A very interesting discussion (which, unfortunately, I don’t have time to engage in tonight. Should do at some point though…) could be had on the ethics of power exchange in sex. I imagine the very phrase would have as a divisive an effect on a crowd of feminists as pornography. Is it a simple projection of patriarchal power structures, or a matter of sexual freedom? Or, indeed, possibly both at different times, in different circumstances…

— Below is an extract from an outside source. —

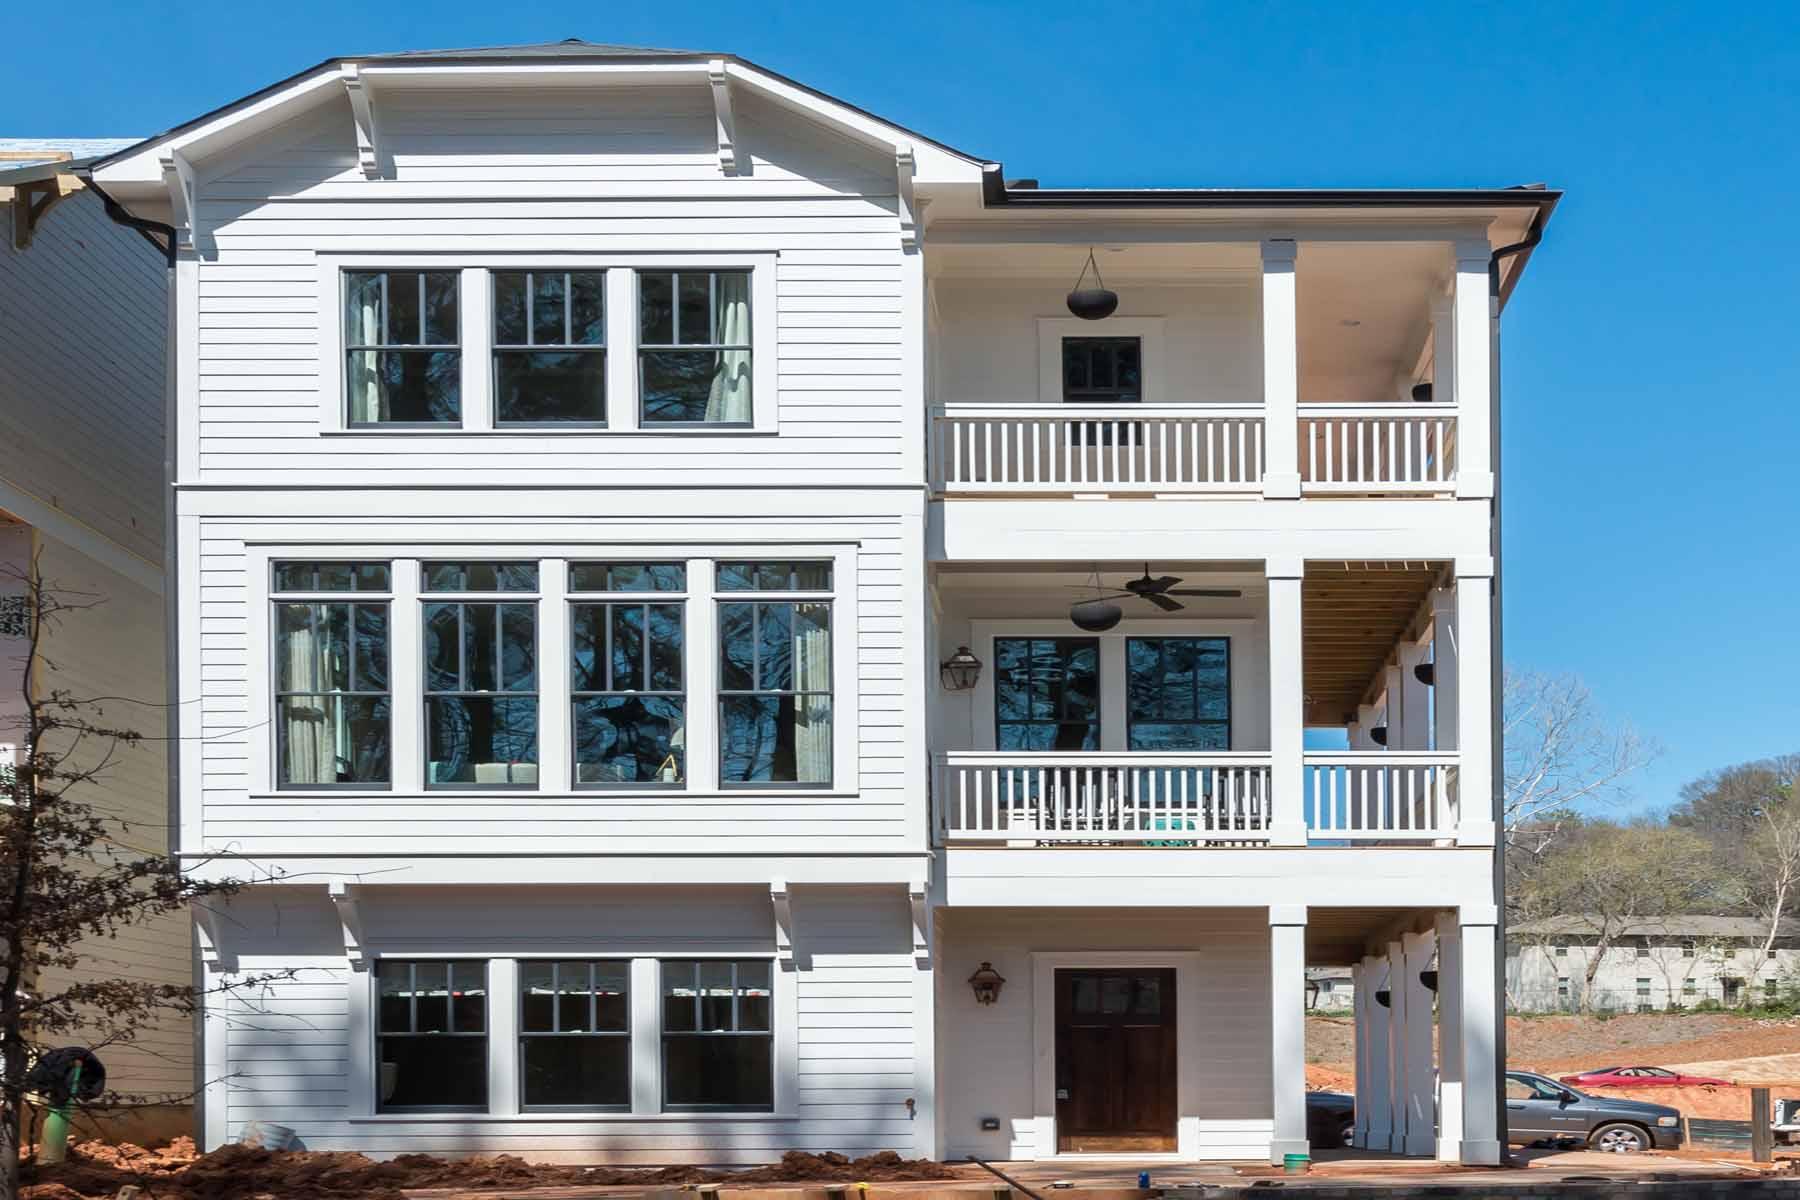 Single Family Home for Sale at Gorgeous Decatur Cottage 2820 Craigie Avenue Unit 4 Decatur, Georgia, 30030 United States

But, of course, the real world finds itself stuck with a tabloid induced celebrity sales-orgy. Could there be an apter demonstration of the internet’s superiority that the contrast between the wood-pulp mush and Jim’s post?

Why?

Excuse me while I gibber in bafflement for a moment. A homophobe doesn’t want to perform civil partnerships for gay couples on religious grounds - and an employment tribunal says that’s okay. Why? The whole point of civil partnerships is that they’re secular; religion doesn’t come into it.

But, apparently, it does now. The tribunal sets a dangerous precedent with their decision. It’s okay for the religious to discriminate against gays on the grounds of their sexuality, it says - even in secular situations. And it’s not okay to ensure secular functions are carried out if the religious functionary due to carry them out isn’t comfortable. Note that sexuality isn’t often considered a conscious choice. Religion very definitely is.

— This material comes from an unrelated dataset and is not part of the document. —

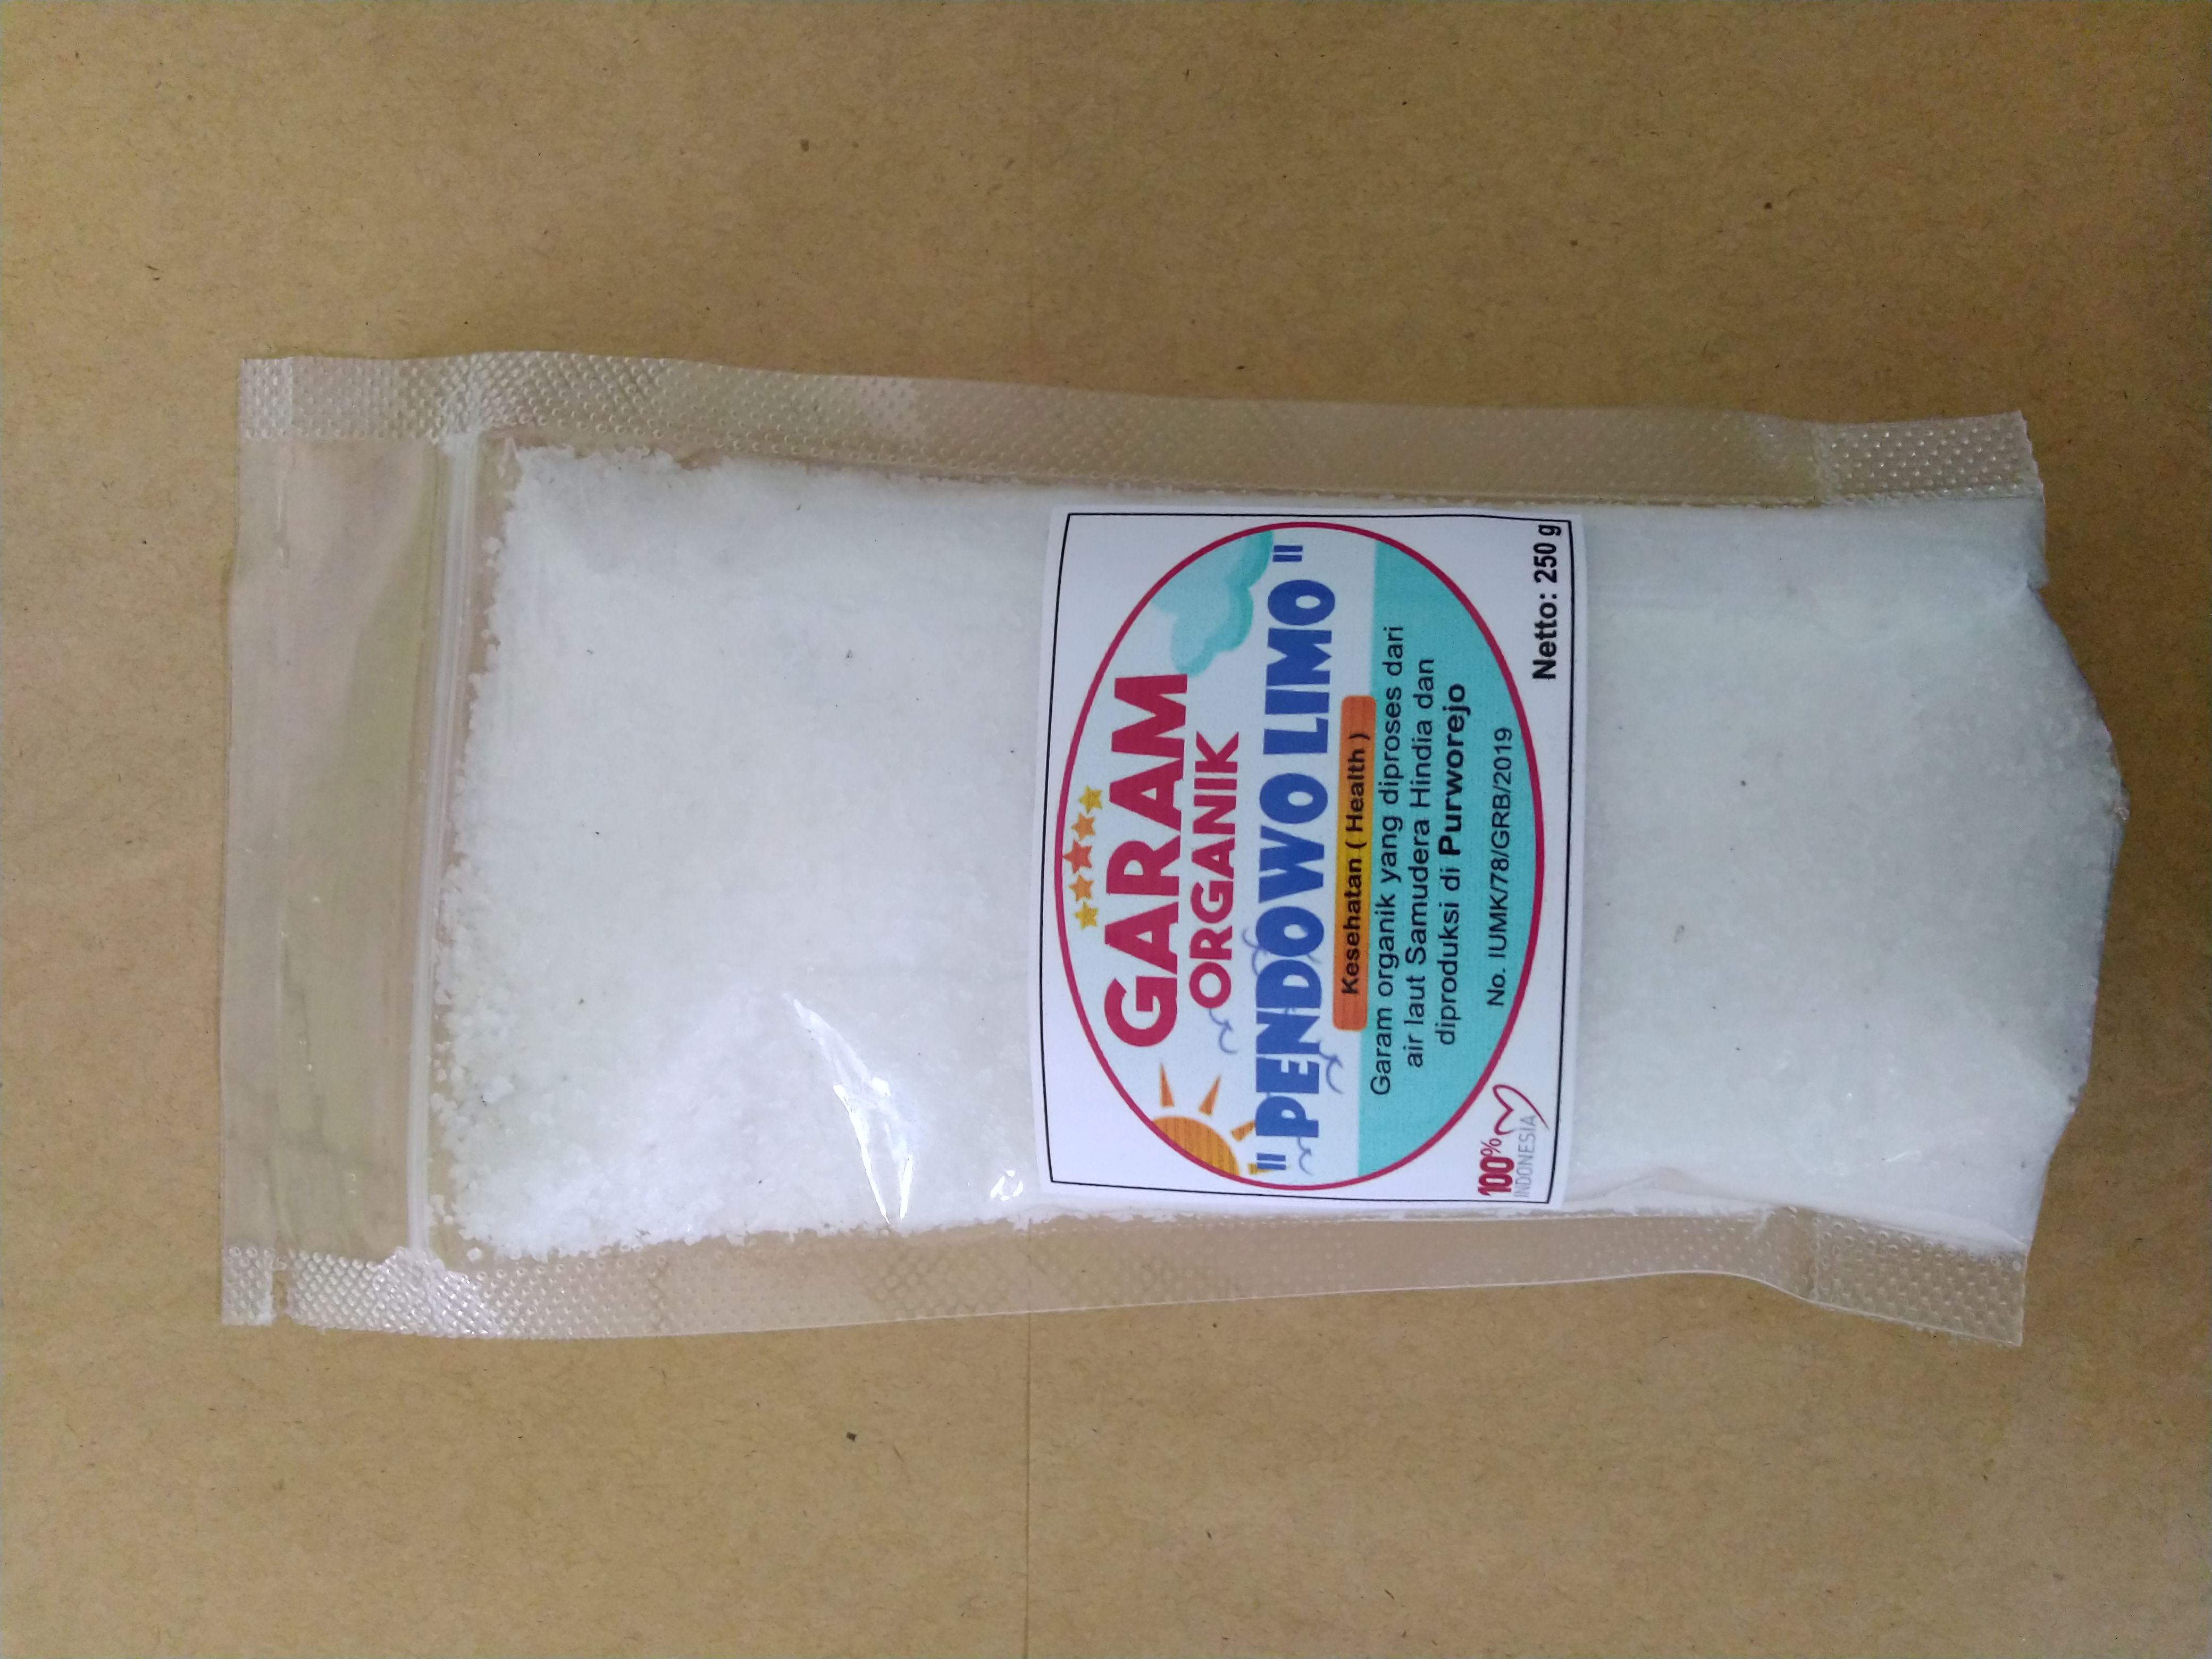 Garam organik

And, guess what? That’s how the fundies read it too. Quoth Lillian Ladele, the bigot concerned:

“I am delighted at this decision.

“It is a victory for religious liberty, not just for myself but for others in a similar position to mine.

“Gay rights should not be used as an excuse to bully and harass people over their religious beliefs.”

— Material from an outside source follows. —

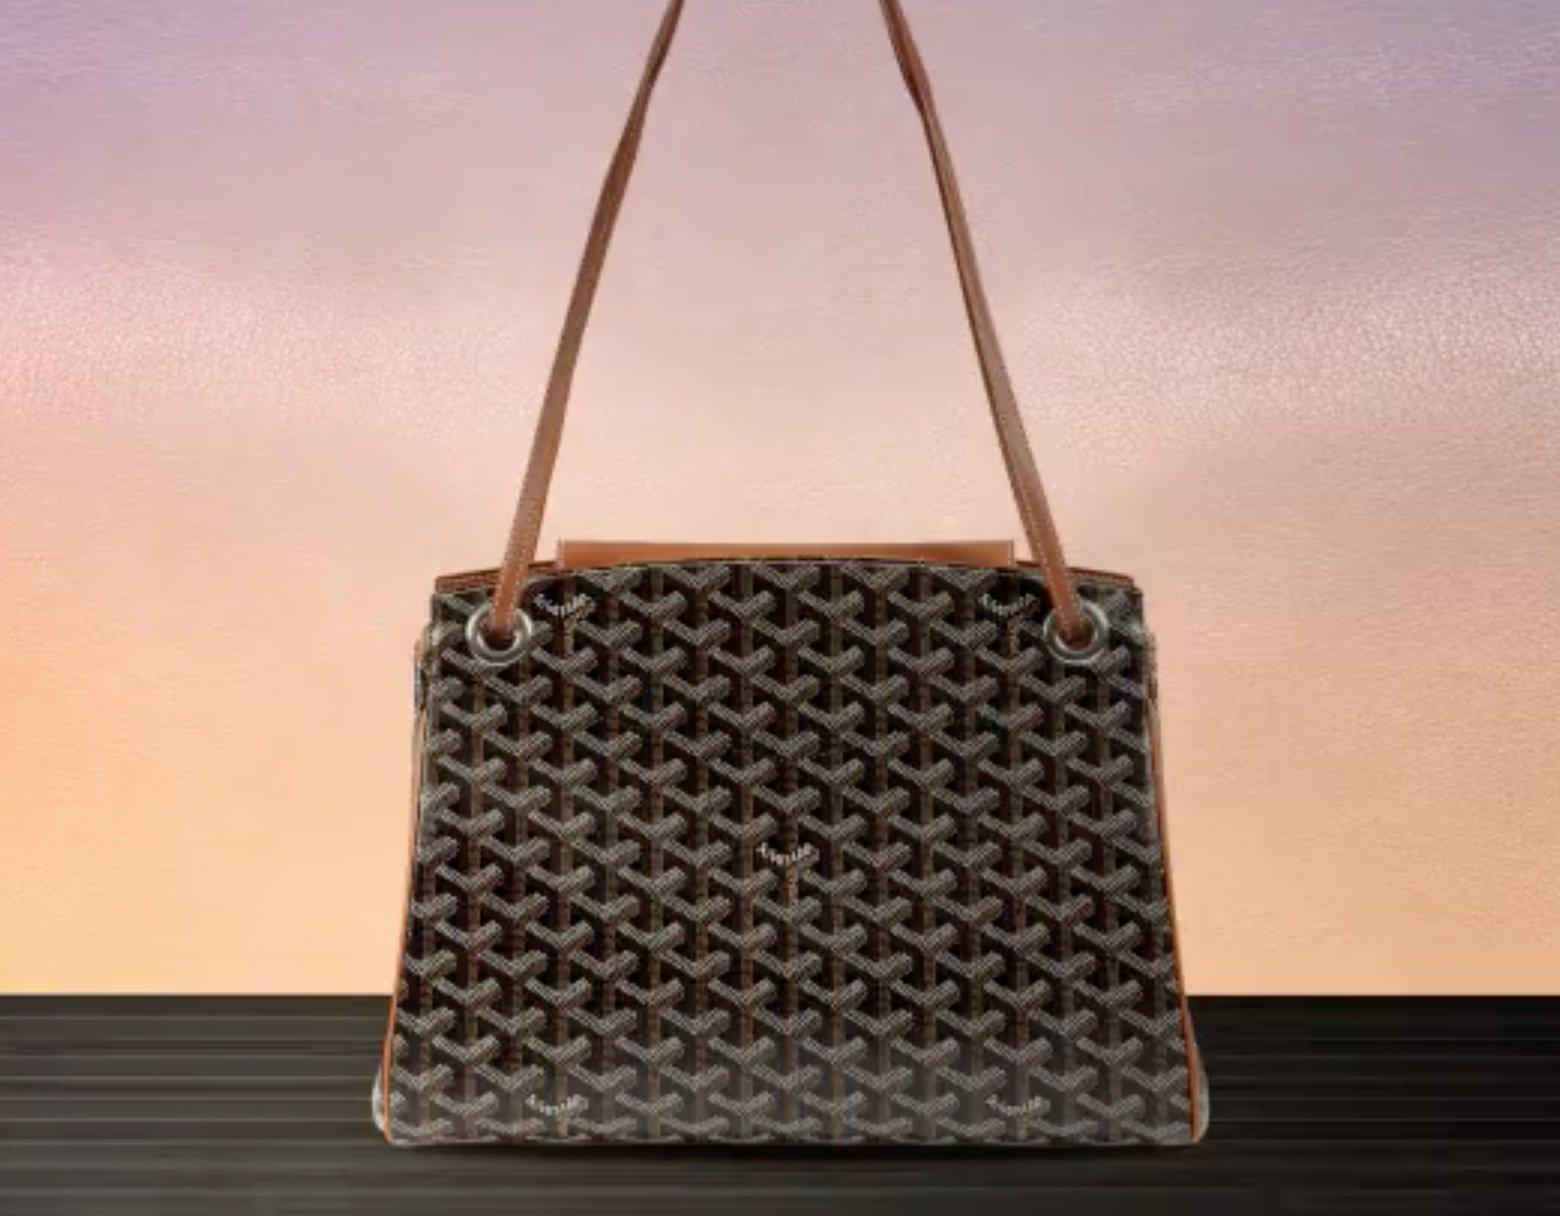 Goyard Rouette Soft Bag

And, of course, selective, homophobic readings of an ancient text should be used as an excuse to bully and harrass people over their sexuality. Ladele claims to have won a victory for liberty; she hasn’t. She’s set a precedent where public servants - who exist to serve the whole public equally, on the basis of need - may discriminate against that public on the grounds of their own irrational prejudices. A victory, in short, for discrimination.

Hadn’t we got past all this?

“I am human”

It’s a few days old - but if you haven’t seen Johann Hari’s piece on Section 28, it’s well worth the read. It must be some of his best writing in a while:

Let’s end with the story of one boy – one of many – who paid the price for Section 28’s stalling. Jonathan Reynolds was a 15 year-old from Bridgend, South Wales, who came out to some of his closest friends in 2006. They blabbed – and he was bullied and harassed and threatened as a “faggot” and a “poof” until he couldn’t take it any more. His school had no policy in place to protect gay children; any move to develop one had been squashed by the vast legal block of Section 28, and hadn’t recovered in time for him. So one day, after he sat a GCSE exam where he earned a starred A grade, he lay down on the train tracks near his home. He texted his sister Sam: “Tell everyone that this is for anybody who eva said anything bad about me, see I do have feelings too. Blame the people who were horrible and injust 2 me. This is because of them, I am human just like them. None of you blame yourself, mum, dad, Sam and the rest of the family. This is not because of you.” Then a train sliced his body apart.

Jonathan Reynolds’ final text message – his last cry of “I am human” – should serve as the obituary for the late, un-great Section 28.

Ignore the occasionally poor sub-editting, and it’s an excellent summary of just how vile that law was.